▶ _AIM OF THE TASK_
Two lines in the listing below mark the span: one contains "Öl auf Hartfaserplatte, 1963, von" and one contains "Provenienz: Nachlass des Künstlers". Reproduce both of them and everything between, exactly.

▶ _TASK INPUT_
□ □ □

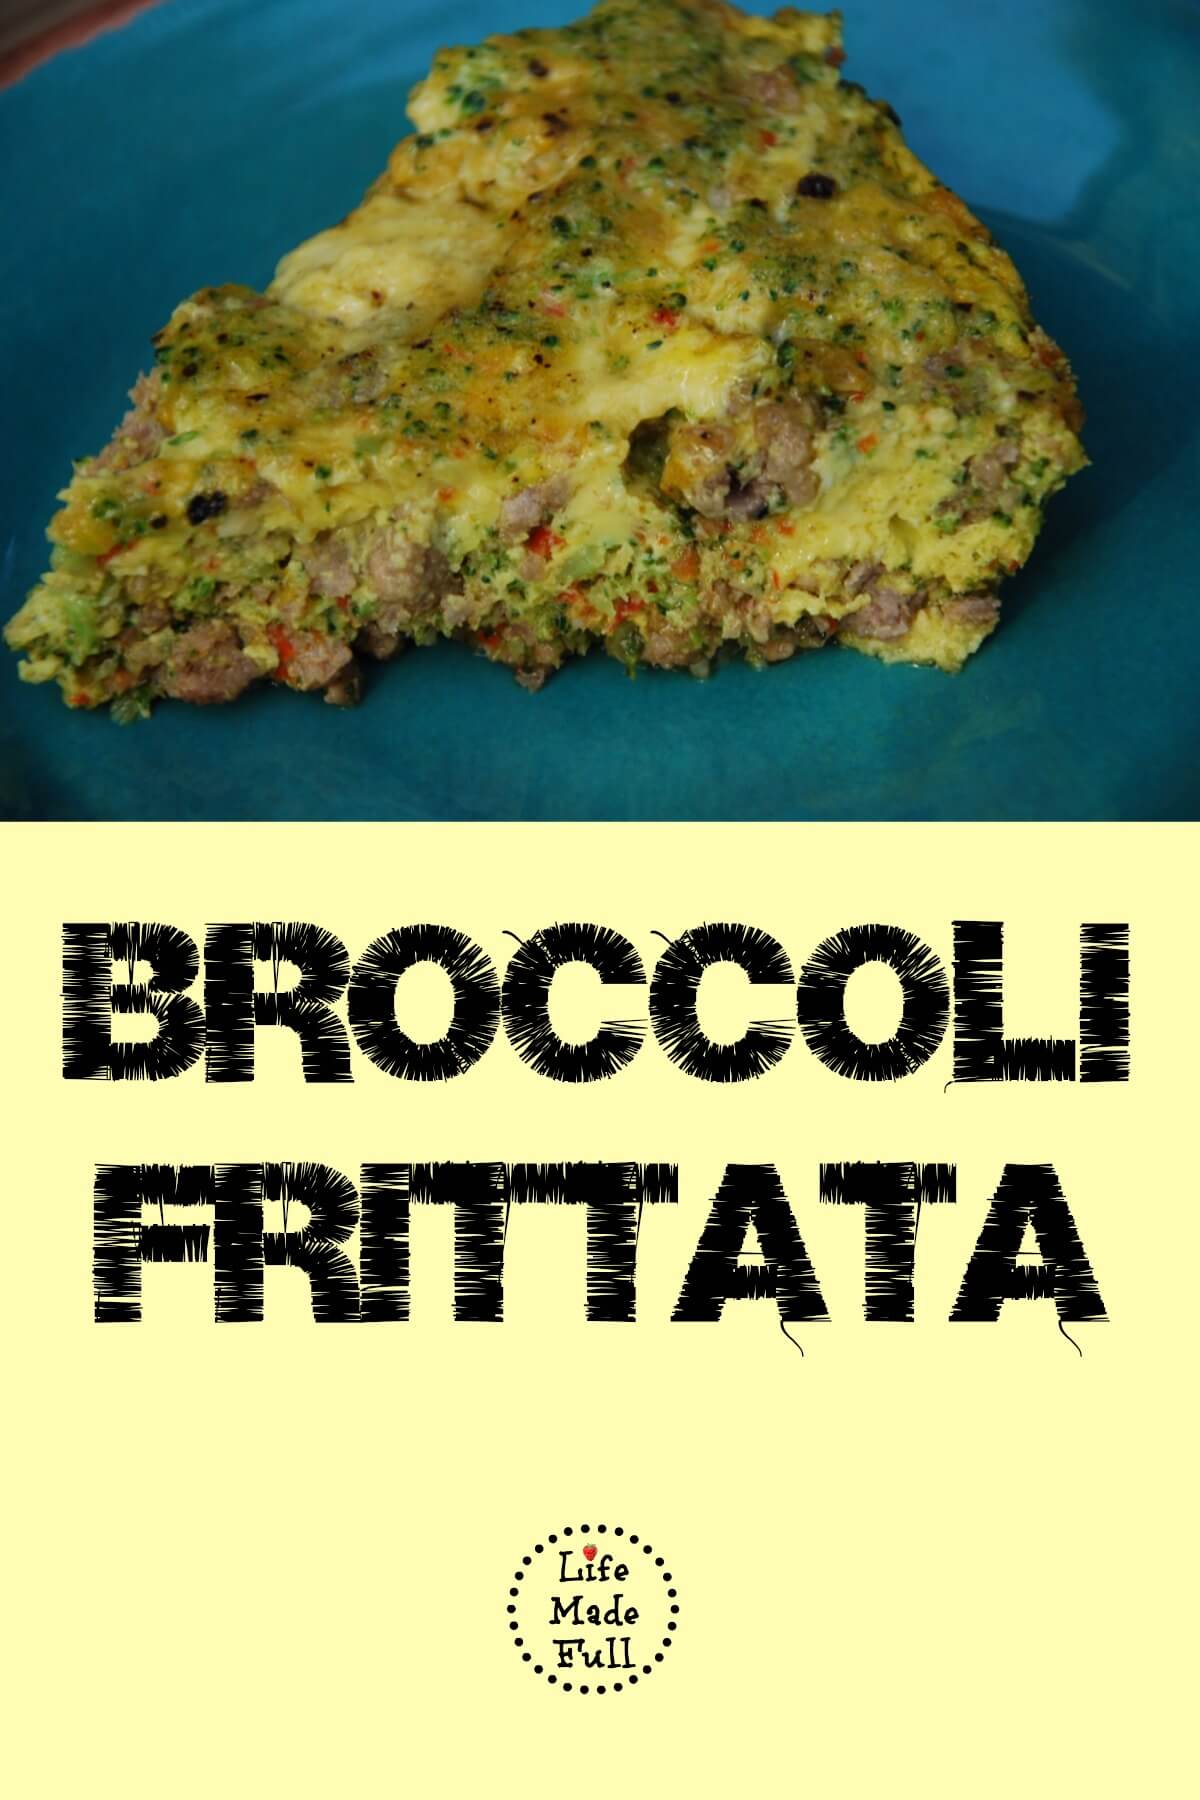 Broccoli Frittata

□ □ □

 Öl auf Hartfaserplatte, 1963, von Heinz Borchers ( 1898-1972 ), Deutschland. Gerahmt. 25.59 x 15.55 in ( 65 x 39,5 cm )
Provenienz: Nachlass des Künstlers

□ □ □

▶ _RESPONSE_
 Öl auf Hartfaserplatte, 1963, von Heinz Borchers ( 1898-1972 ), Deutschland. Gerahmt. 25.59 x 15.55 in ( 65 x 39,5 cm )
Provenienz: Nachlass des Künstlers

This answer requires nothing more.